Release time:23 August 2019
Sulfur

Type
Element (Minerals/Ores of)

Mineral Classification
Native

Chemical Formula
S

Streak
White

Mohs Hardness
1.5-2.5

Crystal System
Orthorhombic

Color
Bright Yellow to Yellow-Brown

Luster
adamantine, resinous, dull

Fracture
Conchoidal

Description

Sulfur (S) is a bright, lemon yellow, soft, non-metallic element that has a very low thermal conductivity, meaning it cannot transfer heat very well. The touch of a hand will cause a sulfur crystal to crack because the crystal’s surface warms faster than the interior. Sulfur melts at 108 degrees Celsius. Sulfur means “burning stone” in reference to its source from volcanoes and that it burns so easily. When sulfur is burned it combines with oxygen producing sulfur dioxide, SO2, which has a sharp pungent smell.

Relation to Mining

Sulfur attaches to metal ions, creating a number of significant sulfide ore minerals such as galena (lead sulfide), pyrite (iron sulfide), chalcocite (copper sulfide), and sphalerite (zinc sulfide).  Mined sulfur is mostly from salt domes or bedded deposits. The vast majority is produced as a by-product of oil refining and natural gas processing.

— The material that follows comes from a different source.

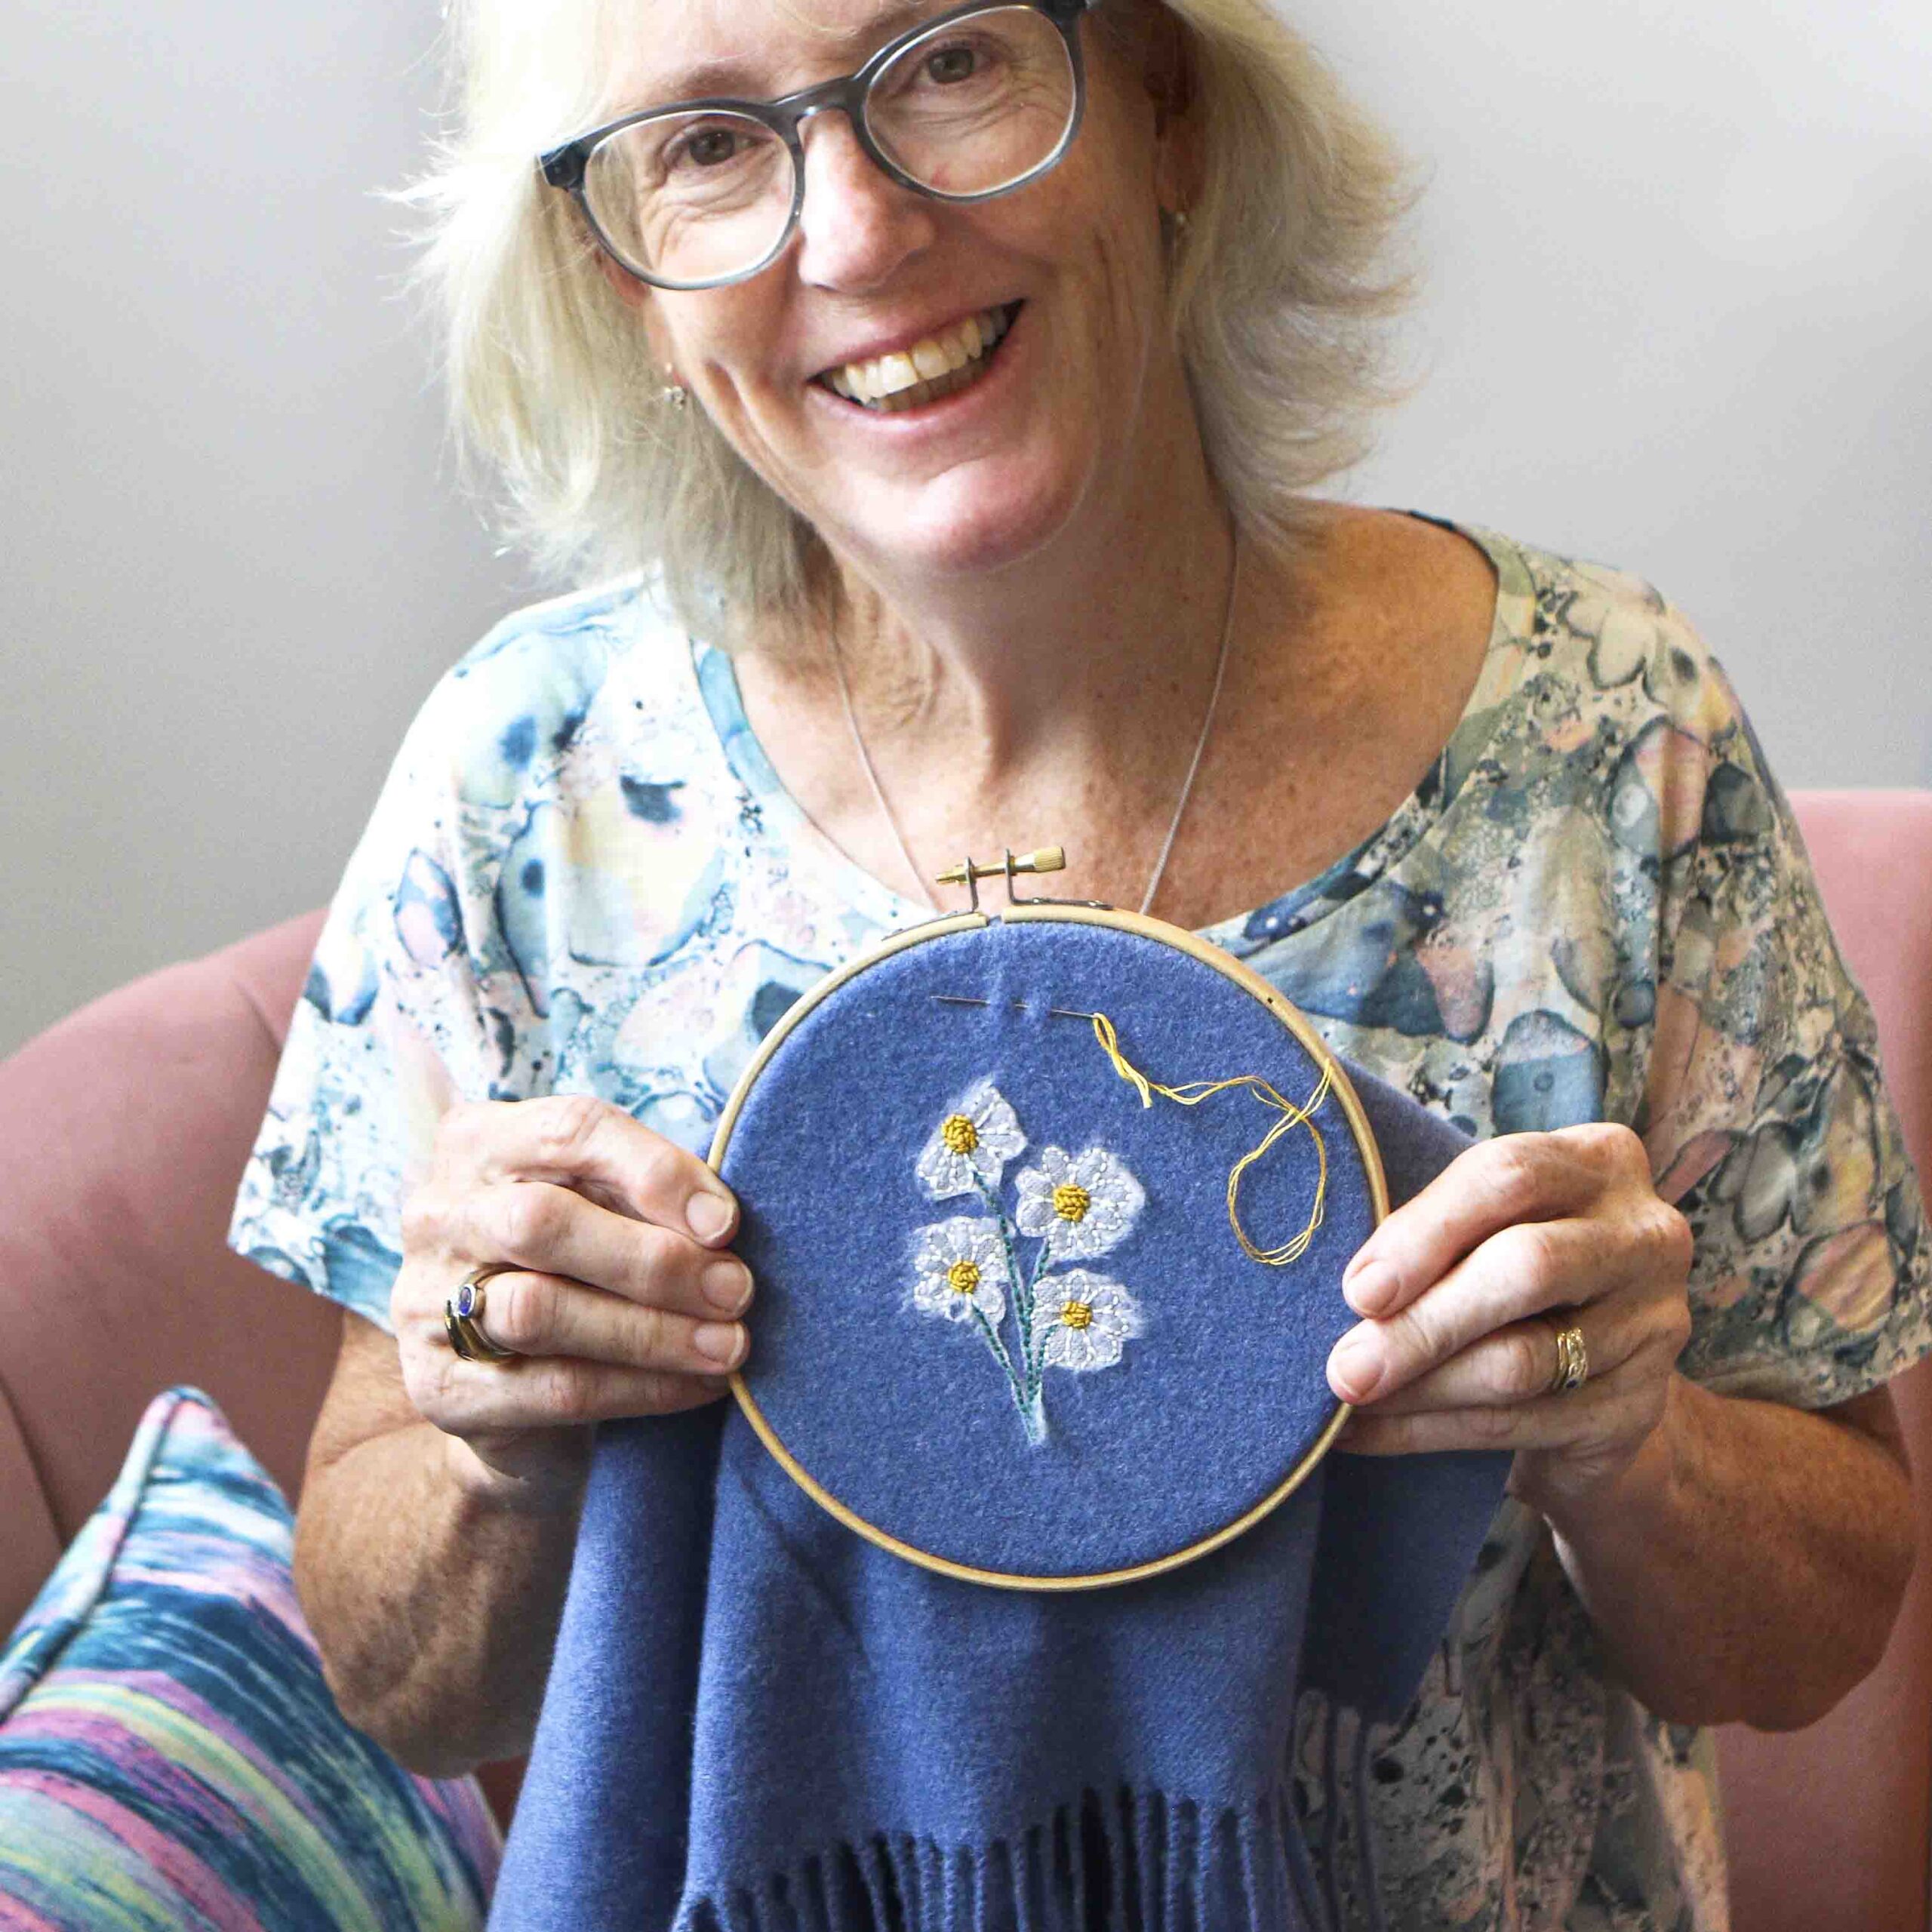 StephieAnn Birth flower scarf embroidery workshop Brighton
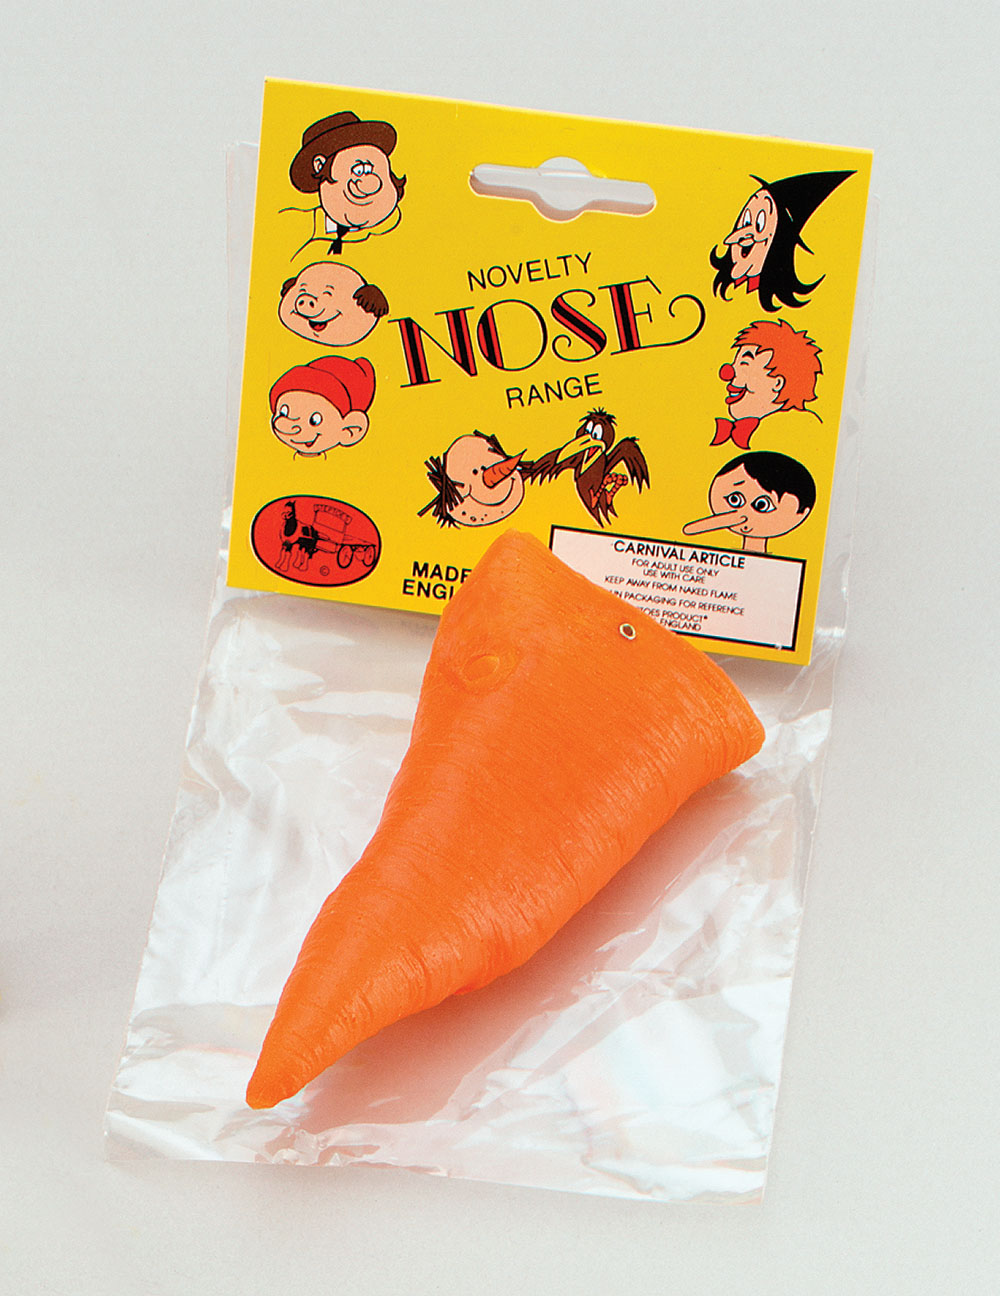 Nose. Carrot Shape

Sulfur mining uses three different mining techniques: conventional underground methods, conventional open-pit methods, and the Frasch mining (or underground melting) method. In this process, hot water is forced into the sulfur deposit. The sulfur melts and is pushed to the surface where it is collected and allowed to cool and solidify, or shipped in molten form.

Uses

The majority of the sulfur produced in the United States is used to make sulfuric acid. Sulfuric acid has multiple uses in the production of chemicals, petroleum products and a wide range of other industrial applications. Sulfur’s main use is in making chemicals for agriculture, mostly for fertilizers. Other uses of sulfur include refining petroleum, metal mining, and the production of organic and inorganic chemicals. A multitude of products (such as the production of rubber for automobile tires) require sulfur in one form or another during some stage of their manufacture.